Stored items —
== Segment start ==

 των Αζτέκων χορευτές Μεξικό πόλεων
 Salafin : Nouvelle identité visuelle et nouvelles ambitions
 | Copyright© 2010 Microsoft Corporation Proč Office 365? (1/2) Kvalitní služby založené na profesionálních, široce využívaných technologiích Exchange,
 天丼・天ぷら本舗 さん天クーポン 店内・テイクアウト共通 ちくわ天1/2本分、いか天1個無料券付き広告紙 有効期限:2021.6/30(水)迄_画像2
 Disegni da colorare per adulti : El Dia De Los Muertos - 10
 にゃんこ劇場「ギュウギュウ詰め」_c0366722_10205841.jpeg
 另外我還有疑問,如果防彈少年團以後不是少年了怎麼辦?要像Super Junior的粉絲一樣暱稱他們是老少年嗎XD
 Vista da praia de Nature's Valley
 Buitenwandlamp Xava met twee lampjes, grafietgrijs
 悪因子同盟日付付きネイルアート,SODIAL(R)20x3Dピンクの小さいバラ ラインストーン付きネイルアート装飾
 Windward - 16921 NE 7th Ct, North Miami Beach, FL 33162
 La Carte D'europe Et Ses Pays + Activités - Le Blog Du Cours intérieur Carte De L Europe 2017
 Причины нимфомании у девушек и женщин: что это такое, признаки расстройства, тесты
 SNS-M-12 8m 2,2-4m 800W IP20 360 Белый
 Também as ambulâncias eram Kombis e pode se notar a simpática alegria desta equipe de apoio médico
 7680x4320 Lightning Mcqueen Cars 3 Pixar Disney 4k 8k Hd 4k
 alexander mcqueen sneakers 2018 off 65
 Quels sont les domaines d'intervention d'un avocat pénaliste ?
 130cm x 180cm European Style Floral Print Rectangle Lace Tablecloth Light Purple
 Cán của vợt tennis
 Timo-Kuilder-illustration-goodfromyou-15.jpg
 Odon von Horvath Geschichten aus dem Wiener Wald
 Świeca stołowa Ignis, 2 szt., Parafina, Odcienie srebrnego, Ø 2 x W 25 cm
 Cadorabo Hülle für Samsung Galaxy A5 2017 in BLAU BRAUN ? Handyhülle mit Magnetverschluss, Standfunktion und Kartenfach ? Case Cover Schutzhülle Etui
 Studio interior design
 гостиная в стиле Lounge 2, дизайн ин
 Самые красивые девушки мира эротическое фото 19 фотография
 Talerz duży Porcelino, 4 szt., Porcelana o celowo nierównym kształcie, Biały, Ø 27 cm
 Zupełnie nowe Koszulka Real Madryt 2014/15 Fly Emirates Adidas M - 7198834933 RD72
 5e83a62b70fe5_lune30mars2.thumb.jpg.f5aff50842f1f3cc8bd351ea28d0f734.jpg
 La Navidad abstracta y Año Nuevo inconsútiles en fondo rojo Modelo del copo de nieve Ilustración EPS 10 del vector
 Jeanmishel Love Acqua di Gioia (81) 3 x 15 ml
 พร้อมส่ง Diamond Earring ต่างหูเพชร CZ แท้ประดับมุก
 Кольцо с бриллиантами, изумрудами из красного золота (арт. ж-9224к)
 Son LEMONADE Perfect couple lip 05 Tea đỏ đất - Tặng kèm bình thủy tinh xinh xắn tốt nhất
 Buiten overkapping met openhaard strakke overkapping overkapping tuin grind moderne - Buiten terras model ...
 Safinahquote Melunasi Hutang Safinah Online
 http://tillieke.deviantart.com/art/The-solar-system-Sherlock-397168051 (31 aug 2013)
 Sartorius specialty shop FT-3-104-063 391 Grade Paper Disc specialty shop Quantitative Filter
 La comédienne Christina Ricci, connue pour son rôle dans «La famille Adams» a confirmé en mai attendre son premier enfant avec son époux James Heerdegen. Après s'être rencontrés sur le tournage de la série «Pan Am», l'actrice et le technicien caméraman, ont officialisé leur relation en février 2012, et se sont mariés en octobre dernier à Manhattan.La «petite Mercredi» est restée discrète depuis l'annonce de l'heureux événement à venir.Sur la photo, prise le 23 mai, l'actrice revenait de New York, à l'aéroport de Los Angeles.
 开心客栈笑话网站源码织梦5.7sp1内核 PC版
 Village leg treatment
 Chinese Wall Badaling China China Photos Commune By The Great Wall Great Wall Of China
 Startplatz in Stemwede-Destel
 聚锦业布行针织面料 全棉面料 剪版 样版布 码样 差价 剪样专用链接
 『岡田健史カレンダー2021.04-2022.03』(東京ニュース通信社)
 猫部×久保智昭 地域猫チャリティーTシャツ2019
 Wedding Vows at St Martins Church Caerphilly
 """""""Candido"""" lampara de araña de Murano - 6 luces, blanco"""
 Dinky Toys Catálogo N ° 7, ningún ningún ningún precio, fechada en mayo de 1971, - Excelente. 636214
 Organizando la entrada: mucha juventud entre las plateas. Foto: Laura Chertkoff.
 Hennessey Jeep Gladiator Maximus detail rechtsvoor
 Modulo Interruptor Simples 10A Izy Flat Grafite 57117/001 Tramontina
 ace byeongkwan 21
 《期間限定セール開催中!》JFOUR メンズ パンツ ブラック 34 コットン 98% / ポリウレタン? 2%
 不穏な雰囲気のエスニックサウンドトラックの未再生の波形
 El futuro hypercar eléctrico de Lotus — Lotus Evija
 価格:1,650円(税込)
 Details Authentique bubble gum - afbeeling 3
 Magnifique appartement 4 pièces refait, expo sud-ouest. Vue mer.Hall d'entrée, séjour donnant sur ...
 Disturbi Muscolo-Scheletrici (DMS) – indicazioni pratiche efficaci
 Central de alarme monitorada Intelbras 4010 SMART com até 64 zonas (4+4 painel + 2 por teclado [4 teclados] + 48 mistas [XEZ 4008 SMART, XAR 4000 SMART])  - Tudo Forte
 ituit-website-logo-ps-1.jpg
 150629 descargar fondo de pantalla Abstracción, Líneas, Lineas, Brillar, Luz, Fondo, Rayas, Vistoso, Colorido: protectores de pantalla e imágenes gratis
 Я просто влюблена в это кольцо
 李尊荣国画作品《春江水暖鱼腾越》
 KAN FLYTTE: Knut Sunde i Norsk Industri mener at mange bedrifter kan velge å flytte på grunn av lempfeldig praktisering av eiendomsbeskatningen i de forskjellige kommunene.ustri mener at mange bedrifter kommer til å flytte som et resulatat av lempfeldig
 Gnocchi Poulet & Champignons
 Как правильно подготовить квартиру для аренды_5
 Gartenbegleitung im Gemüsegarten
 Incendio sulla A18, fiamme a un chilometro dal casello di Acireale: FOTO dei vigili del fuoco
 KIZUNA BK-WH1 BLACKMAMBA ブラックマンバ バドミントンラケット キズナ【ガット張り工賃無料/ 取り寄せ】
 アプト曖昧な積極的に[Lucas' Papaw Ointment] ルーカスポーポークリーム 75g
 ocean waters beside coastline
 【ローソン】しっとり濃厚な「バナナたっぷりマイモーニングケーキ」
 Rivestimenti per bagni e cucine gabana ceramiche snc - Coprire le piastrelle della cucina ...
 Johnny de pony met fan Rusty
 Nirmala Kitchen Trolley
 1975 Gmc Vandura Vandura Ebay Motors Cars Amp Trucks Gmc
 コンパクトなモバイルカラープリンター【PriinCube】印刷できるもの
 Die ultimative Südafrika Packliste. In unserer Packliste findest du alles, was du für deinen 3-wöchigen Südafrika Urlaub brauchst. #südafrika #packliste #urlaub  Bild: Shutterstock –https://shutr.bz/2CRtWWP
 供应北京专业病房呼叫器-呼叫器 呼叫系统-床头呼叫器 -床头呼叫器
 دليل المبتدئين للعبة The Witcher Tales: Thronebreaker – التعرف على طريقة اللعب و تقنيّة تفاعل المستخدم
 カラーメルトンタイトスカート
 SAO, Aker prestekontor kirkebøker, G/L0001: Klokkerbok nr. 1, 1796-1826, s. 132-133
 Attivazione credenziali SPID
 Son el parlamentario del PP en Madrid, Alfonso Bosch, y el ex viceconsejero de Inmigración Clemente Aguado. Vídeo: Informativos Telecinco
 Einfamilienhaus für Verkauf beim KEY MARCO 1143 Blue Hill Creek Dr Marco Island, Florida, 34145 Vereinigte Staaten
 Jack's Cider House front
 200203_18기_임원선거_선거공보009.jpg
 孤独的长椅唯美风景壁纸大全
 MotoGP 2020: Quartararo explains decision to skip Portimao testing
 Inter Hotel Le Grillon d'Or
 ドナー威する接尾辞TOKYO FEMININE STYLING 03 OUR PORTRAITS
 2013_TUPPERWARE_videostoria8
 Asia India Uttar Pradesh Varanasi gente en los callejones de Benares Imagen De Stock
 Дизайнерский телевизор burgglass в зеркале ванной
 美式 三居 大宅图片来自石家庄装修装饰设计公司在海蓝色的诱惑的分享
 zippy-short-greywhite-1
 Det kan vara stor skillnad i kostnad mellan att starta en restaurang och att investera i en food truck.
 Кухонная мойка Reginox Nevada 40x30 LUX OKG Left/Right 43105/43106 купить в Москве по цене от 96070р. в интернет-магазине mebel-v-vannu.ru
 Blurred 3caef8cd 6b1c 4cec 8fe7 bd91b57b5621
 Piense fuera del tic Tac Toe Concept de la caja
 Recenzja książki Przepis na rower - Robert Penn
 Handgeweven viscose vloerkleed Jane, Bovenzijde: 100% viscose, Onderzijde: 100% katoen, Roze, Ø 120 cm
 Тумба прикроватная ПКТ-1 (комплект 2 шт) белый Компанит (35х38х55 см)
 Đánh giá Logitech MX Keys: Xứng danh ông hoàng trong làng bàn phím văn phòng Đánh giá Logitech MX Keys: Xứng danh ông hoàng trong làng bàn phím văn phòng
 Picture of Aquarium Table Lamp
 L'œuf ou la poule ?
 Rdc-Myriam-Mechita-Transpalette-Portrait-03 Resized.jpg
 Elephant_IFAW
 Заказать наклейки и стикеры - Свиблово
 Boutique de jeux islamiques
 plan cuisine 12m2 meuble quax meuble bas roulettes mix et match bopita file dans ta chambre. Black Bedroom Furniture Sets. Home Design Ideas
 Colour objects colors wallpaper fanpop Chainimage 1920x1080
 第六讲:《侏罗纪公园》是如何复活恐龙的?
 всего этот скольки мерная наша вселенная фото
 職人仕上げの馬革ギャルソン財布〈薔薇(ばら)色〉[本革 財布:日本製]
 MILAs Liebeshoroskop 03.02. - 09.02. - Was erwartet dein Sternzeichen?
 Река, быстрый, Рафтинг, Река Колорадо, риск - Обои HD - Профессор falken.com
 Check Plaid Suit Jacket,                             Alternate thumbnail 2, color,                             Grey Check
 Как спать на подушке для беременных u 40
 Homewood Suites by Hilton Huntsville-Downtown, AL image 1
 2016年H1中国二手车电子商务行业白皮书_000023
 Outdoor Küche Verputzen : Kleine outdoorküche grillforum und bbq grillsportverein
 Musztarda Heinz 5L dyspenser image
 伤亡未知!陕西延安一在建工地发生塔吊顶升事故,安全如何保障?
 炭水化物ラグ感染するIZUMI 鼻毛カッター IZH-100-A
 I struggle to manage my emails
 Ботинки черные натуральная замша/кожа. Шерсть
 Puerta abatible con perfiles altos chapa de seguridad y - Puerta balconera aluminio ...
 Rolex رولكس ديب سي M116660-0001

== Segment end ==

Problem —
The lines above from the one with "Attivazione credenziali SPID" through the one with "200203_18기_임원선거_선거공보009.jpg" are to be duplicated exactly, ends included, with nothing added.

Task result —
 Attivazione credenziali SPID
 Son el parlamentario del PP en Madrid, Alfonso Bosch, y el ex viceconsejero de Inmigración Clemente Aguado. Vídeo: Informativos Telecinco
 Einfamilienhaus für Verkauf beim KEY MARCO 1143 Blue Hill Creek Dr Marco Island, Florida, 34145 Vereinigte Staaten
 Jack's Cider House front
 200203_18기_임원선거_선거공보009.jpg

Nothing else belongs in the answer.